AFDocs measures both the raw HTML size and the post-conversion size, and scores based on the conversion result. See content-start-position below for more on how boilerplate affects what agents see.
Results
Based on post-conversion character count:
| Result | Condition |
|---|---|
| Pass | Under 50,000 characters |
| Warn | 50,000-100,000 characters |
| Fail | Over 100,000 characters |
The output also reports the conversion ratio. A page that converts from 505KB HTML to 12KB markdown has 98% boilerplate, meaning only 2% of the HTML was documentation content.
How to fix
If pages convert to too many characters, review pages for reducible boilerplate (navigation, serialized tabbed content) and consider these fixes:
- Large pages: Break long reference pages into smaller sections.
- Navigation boilerplate: Reduce navigation, sidebar, and breadcrumb markup that inflates the converted output.
- Tabbed content: See tabbed-content-serialization.
- Markdown alternative: Provide markdown versions as a smaller alternative path for agents that bypass HTML conversion overhead.
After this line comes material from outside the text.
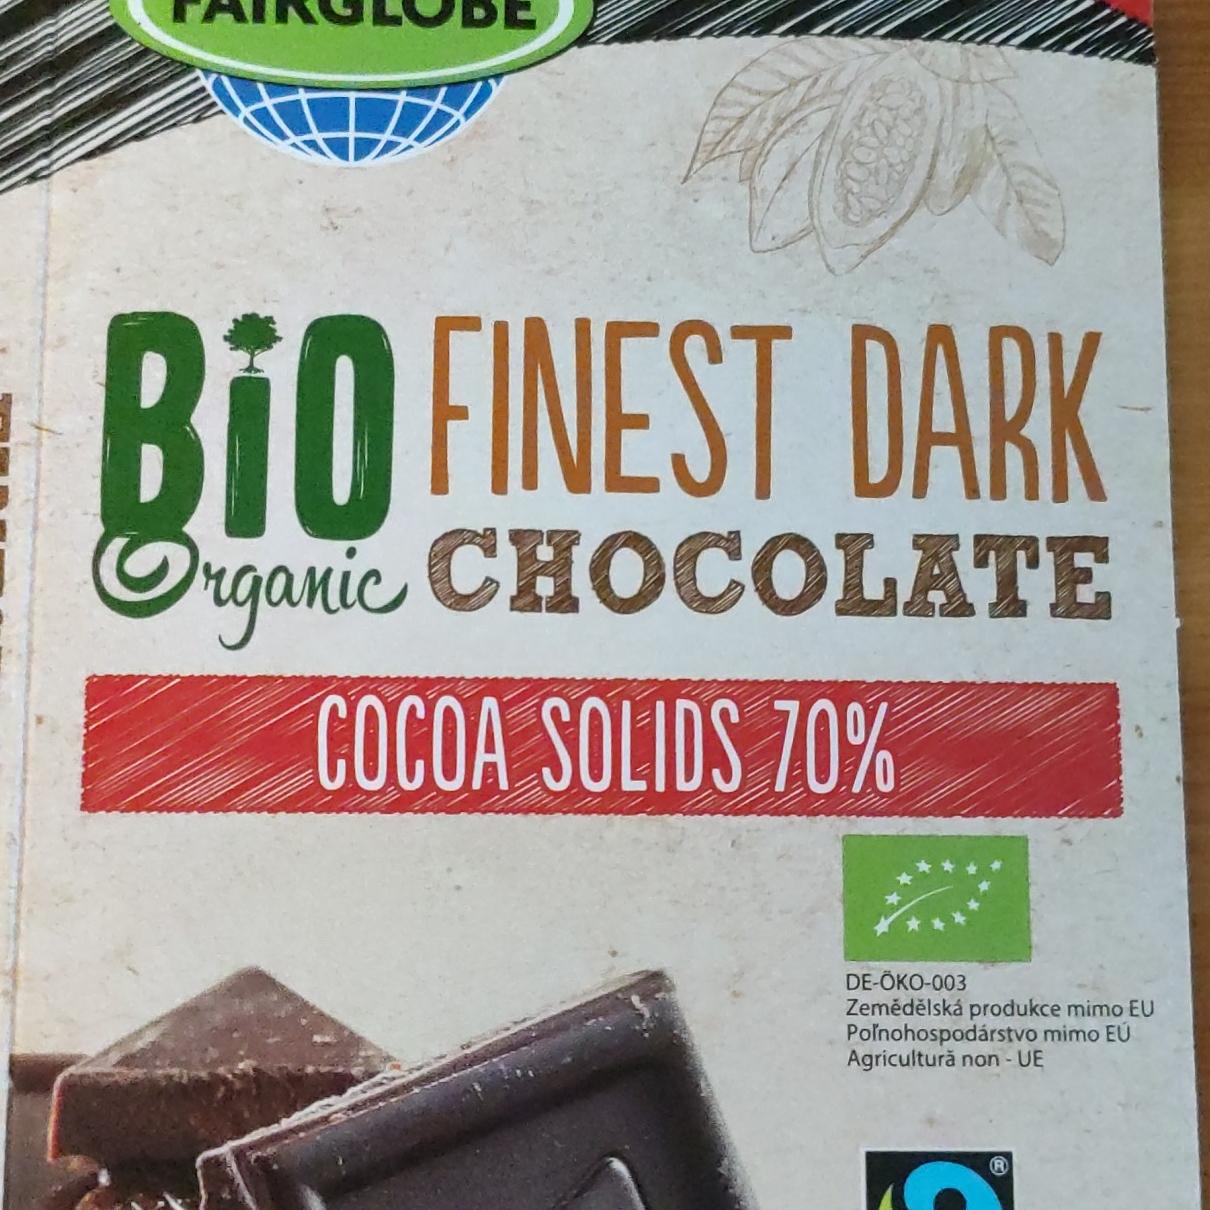 Fotografie - BIO Organic Dark Chocolate cocoa solids 70% Fairglobe
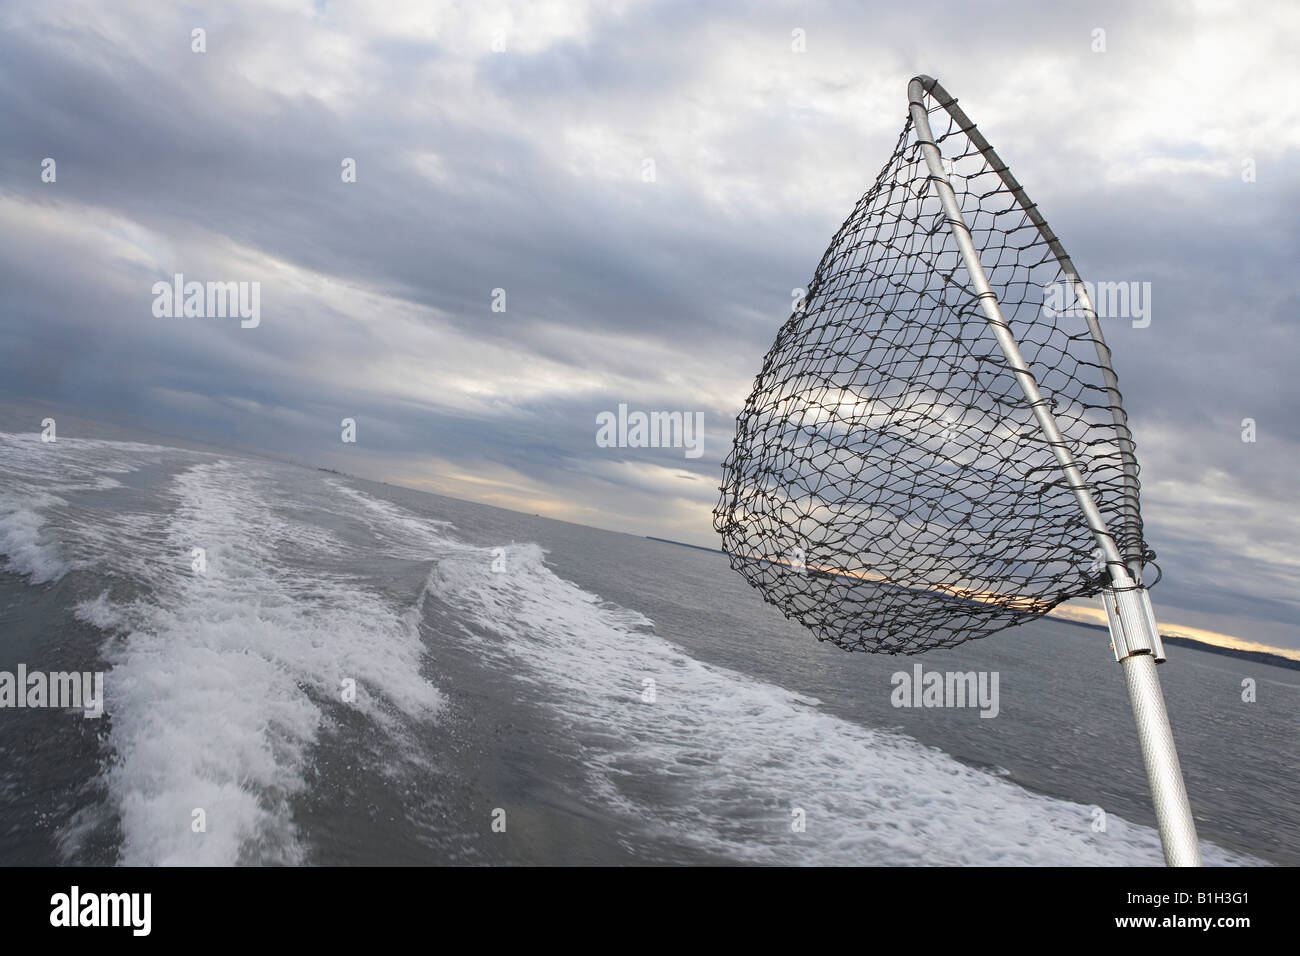 Fishing net sticking on back of speeding fishing boat Stock Photo

Markdown availability helps agents that request it, but most agents still fetch HTML, so fixing the HTML path remains important.
content-start-position
How far into the response actual documentation content begins.
| Weight | Medium (4) |
| Spec | content-start-position |
Why it matters
After HTML-to-markdown conversion, boilerplate often survives. Navigation menus, breadcrumbs, sidebars, and footer content all convert to text that precedes or surrounds the actual documentation. Depending on the agent's conversion pipeline, inline CSS and JavaScript may also survive as raw text. If enough of this boilerplate appears before your actual content, the agent may never see your documentation at all because it hits truncation limits first.
In observed cases, actual content didn't start until 87% through the converted page: 441,000 characters of styling code before the first paragraph of actual documentation. The agent reported seeing a documentation page about CSS instead of the actual documentation content.
Results
Based on where content begins in the converted output:
| Result | Condition |
|---|---|
| Pass | Content starts within the first 10% |
| Warn | Content starts between 10-50% |
| Fail | Content starts after 50% |
How to fix
If this check warns or fails, reduce navigation, breadcrumb, and sidebar markup that precedes the content area. These are the most common sources of boilerplate that pushes content past truncation limits.
If your platform inlines CSS or JavaScript, check whether you can reduce the amount or move it to external files. Navigation chrome, theme variables, and third-party widget styles all contribute to the boilerplate before content.